The session will cover the journals’ submission and review process, editorial approach, types of submissions, citational ethics, and tips for decoding decision letters and responding to reviews. They will also highlight common issues seen in submissions and how to maximise the chances of having a piece published in these journals. Designed to be interactive, the session will include opportunities for discussion and for participants to speak directly with the editors about potential submissions or raise questions about the journals’ processes. This session aims to demystify the publishing process so if you’re considering submitting to Catalyst or ST&HV and want a view ‘behind the curtain’, come along!
Can we Decolonise Authorship? Leonie Norrington (CDU)
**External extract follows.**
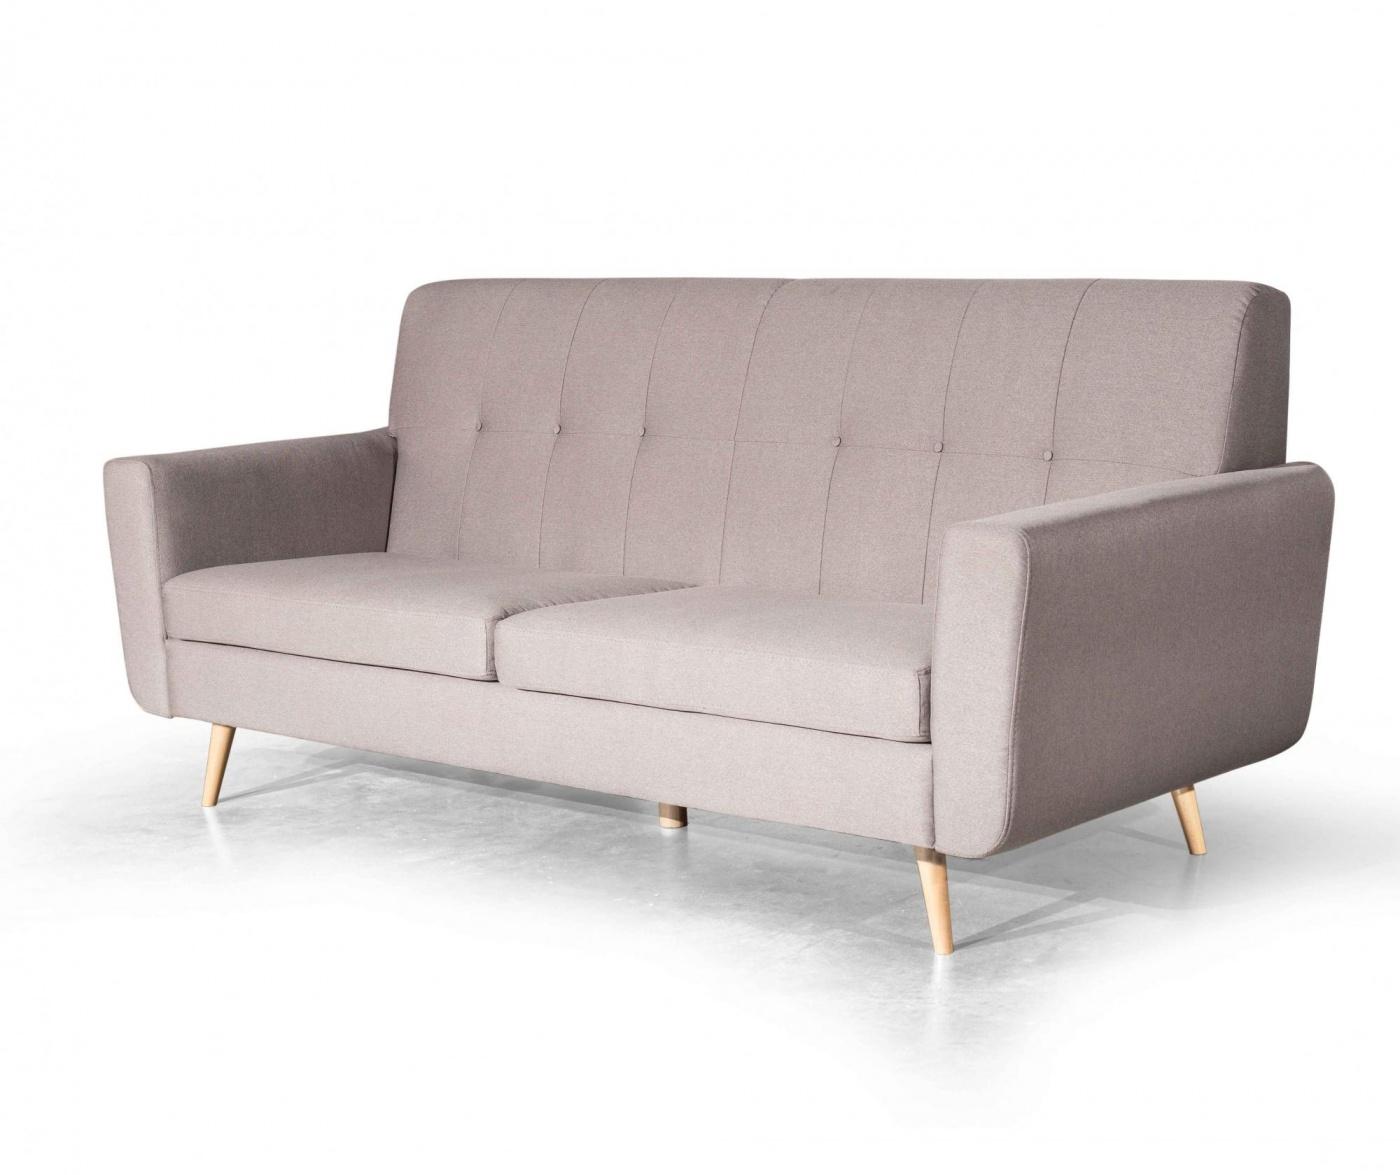 Canapea 3 locuri Retro Zander Light Grey

Leonie will tell ontologically-focused ethnographic analytic storiesthat interrupt the desire to understand; read short excerpts from the novel; show posters and videos on a laptops and play recordings of the way Yolngu supervisors legitimated her writing the novel.
Surfacing Urban Water Alexandra Crosby (UTS), Sarah Jane Jones (UTS), Holly O'Neill (UTS)
The climate is changing. How we relate to water in cities has to change too. The visualisation of wetlands and waterways in cities fundamentally impacts how we imagine the urban environment and our role in caring for it.
In the workshop, participants will learn how to make and use photo diagrams to read, analyse, document, and share watery urban ecologies. This includes the impact of climate change on wetlands and examples of stewardship practices that may otherwise remain illegible. What to bring: Participants are asked to bring to the workshop a photograph (printed or digital) of an urban wetland, waterway, or watery infrastructure in their own work or home neighbourhood.
Make some Visual Noise: Playing with Intaglio Printing Adam Sargent (ANU), V. Chitra (ANU)
This making-and-doing workshop invites participants to explore intaglio printing using found materials. In intaglio, ink is transferred from grooves and inscriptions on one surface onto another, producing a meaningful image. However, when working with found objects, the process becomes more unpredictable—each material carries its own marks, folds, and indentations shaped by time. During this workshop, participants will experiment with printmaking using discarded cartons, packaging, files, and surfaces from their surroundings. Through this process, they will consider how to engage with materials and their histories—reading into textures, making new punctures, scratches, lines, and figures. Intaglio offers a practical way to draw our attention to noises and signals as participants decide how to place new marks in conversation with those already embedded in the material. As they create their prints, participants will explore how these elements overlap and diverge in both material and meaning.